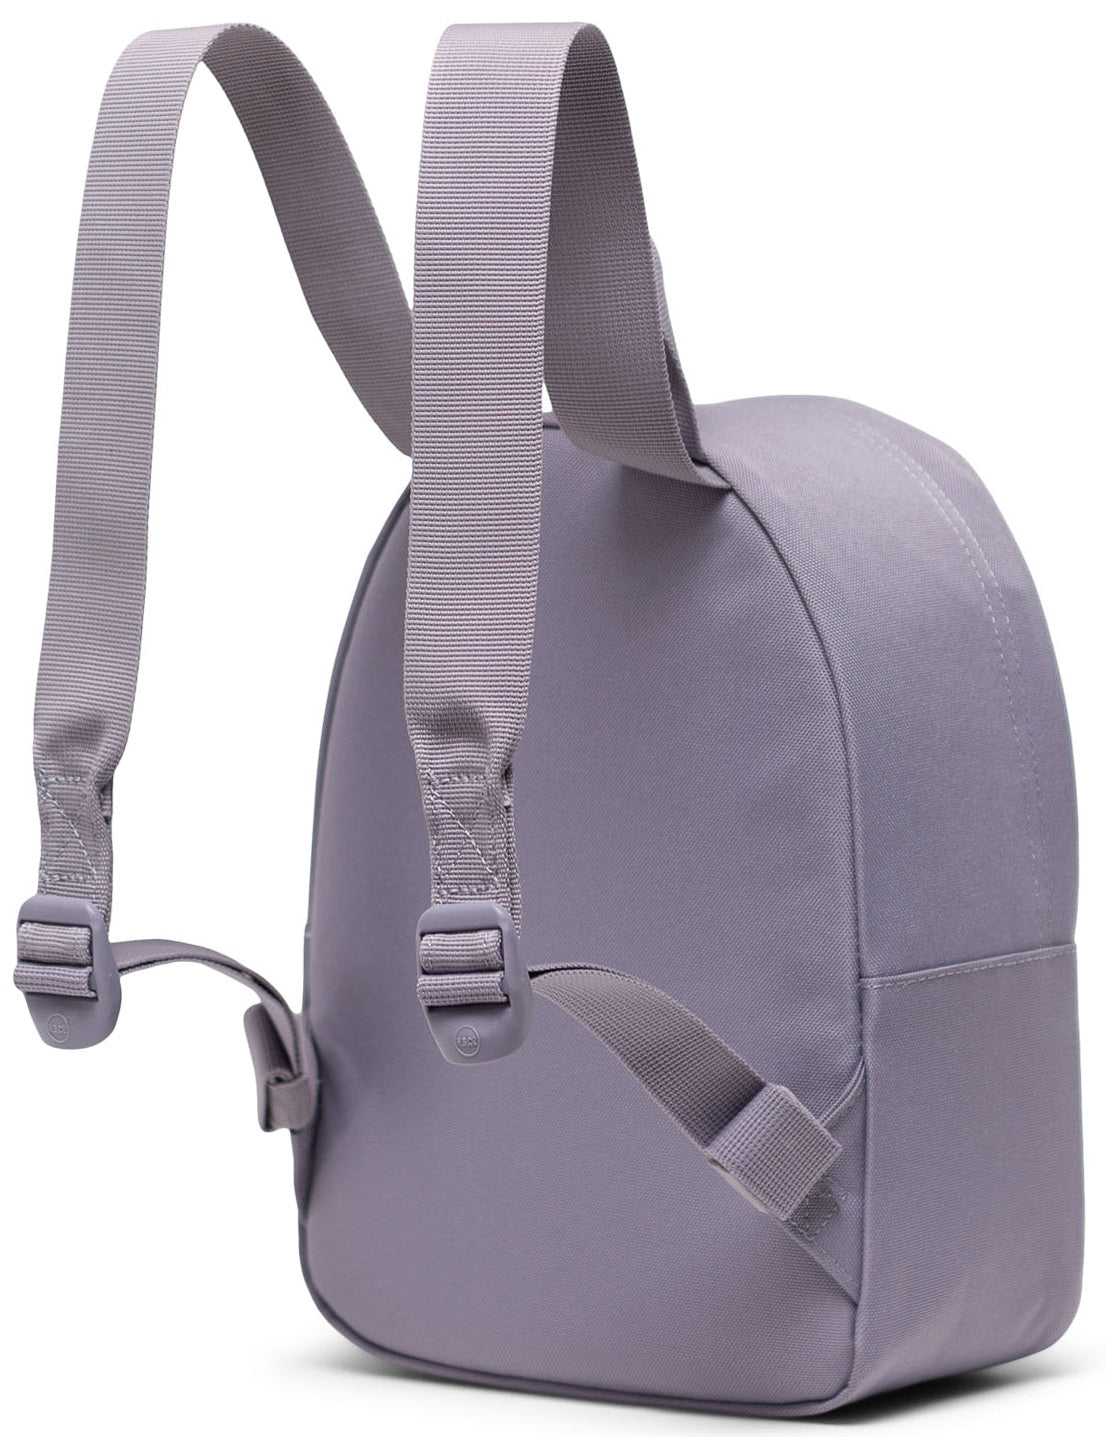 Herschel Classic Mini Backpack - Lavender Gray
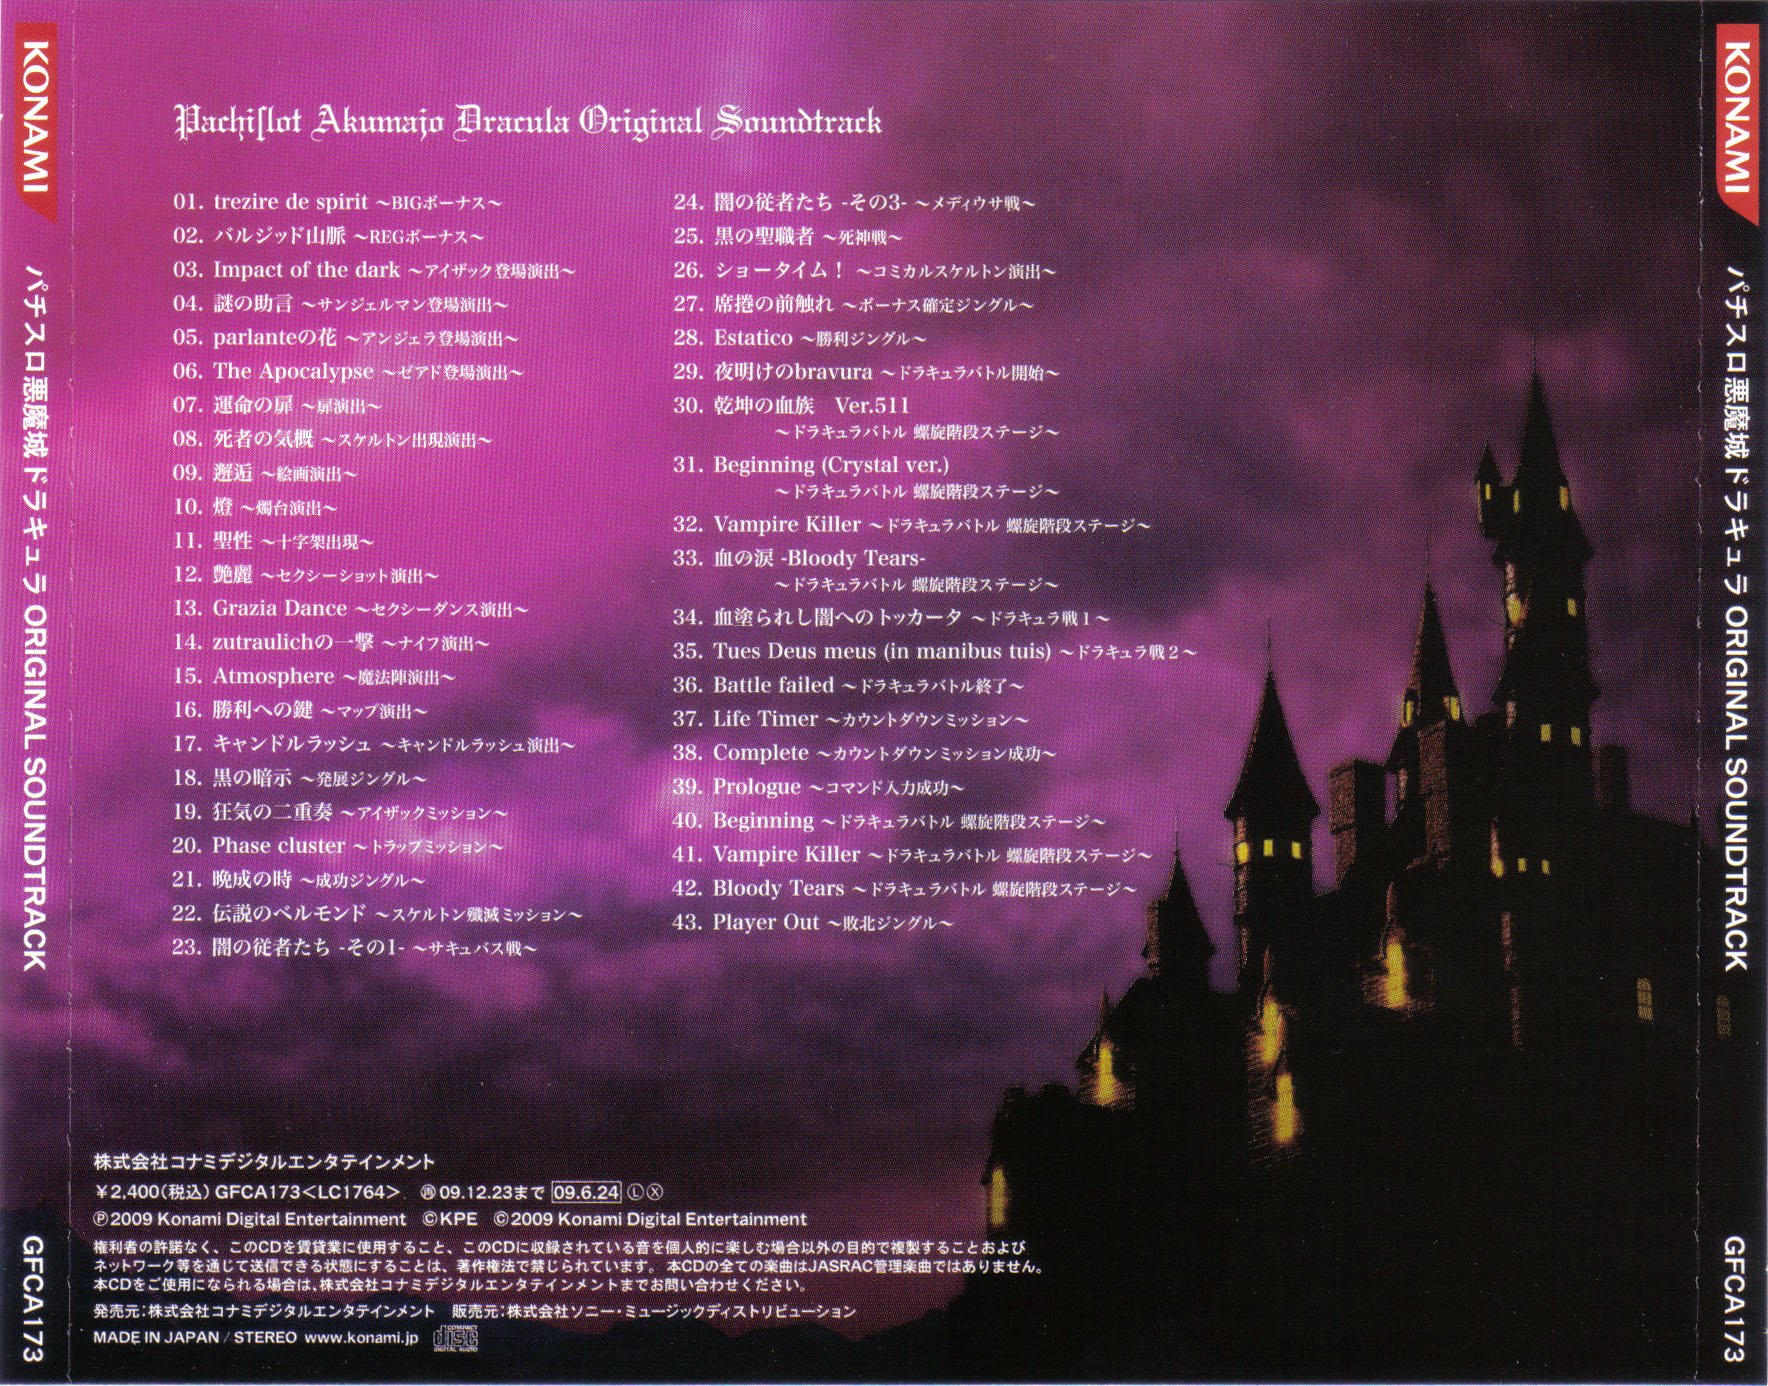 Pachislot Akumajō Dracula Original Soundtrack | Castlevania Wiki 
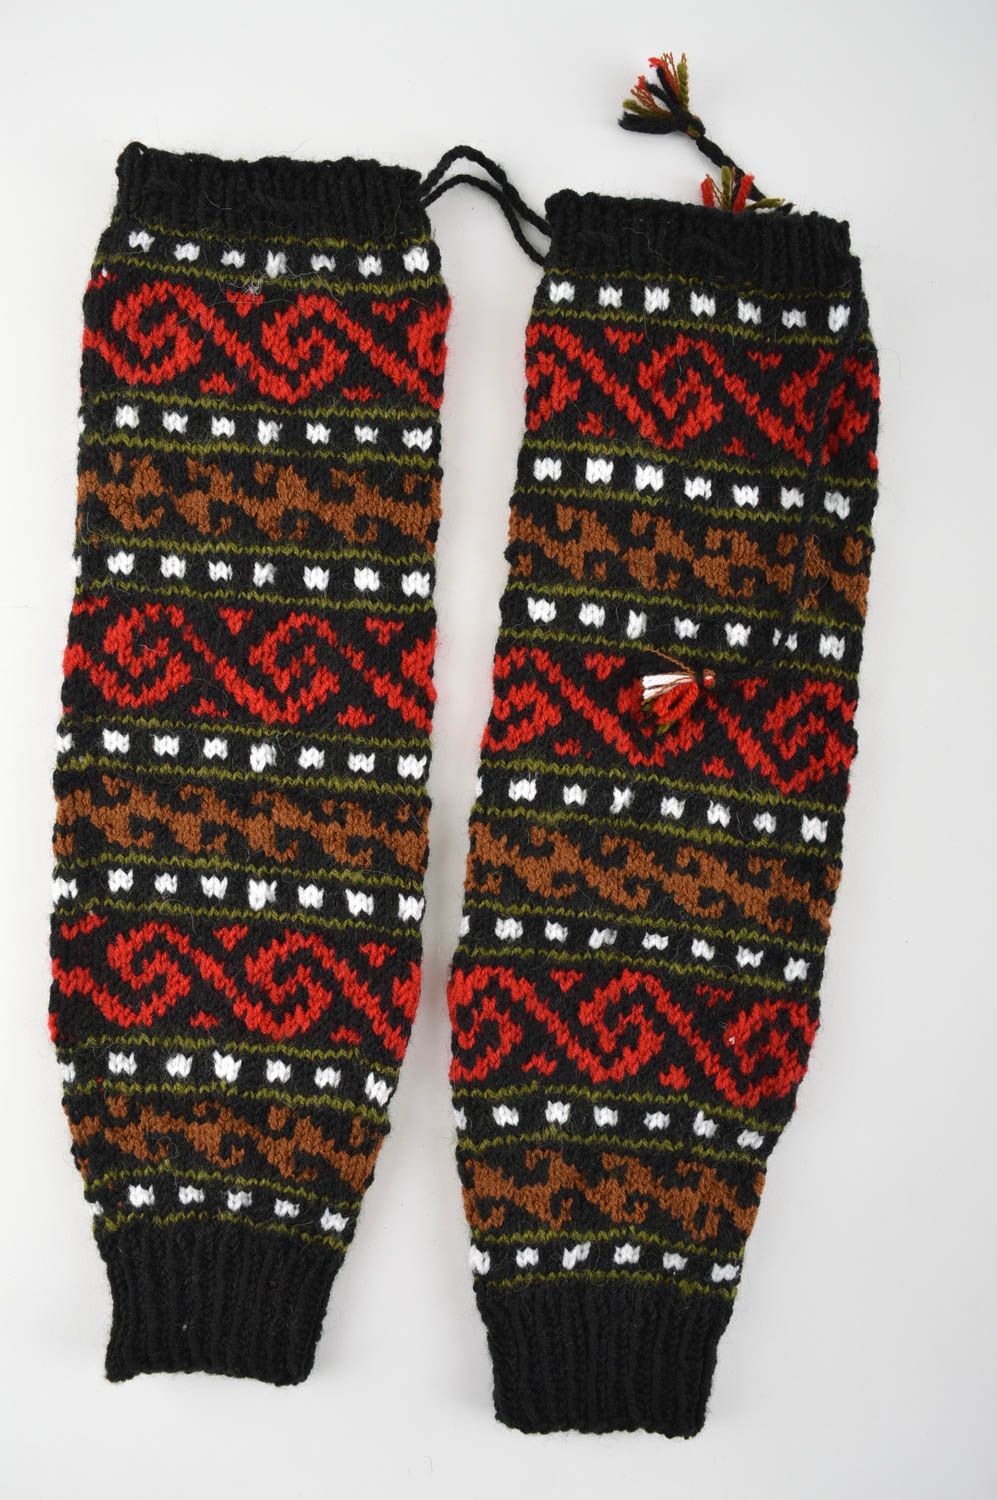 Handmade designer leg warmers knitted winter socks woolen leg warmers for women photo 2

====================

## WORK REQUEST
Reproduce the listing above exactly, excluding all pictures.

## OUTPUT OF THE EXERCISE
 Herschel Classic Mini Backpack - Lavender Gray
 Pachislot Akumajō Dracula Original Soundtrack | Castlevania Wiki 
 Handmade designer leg warmers knitted winter socks woolen leg warmers for women photo 2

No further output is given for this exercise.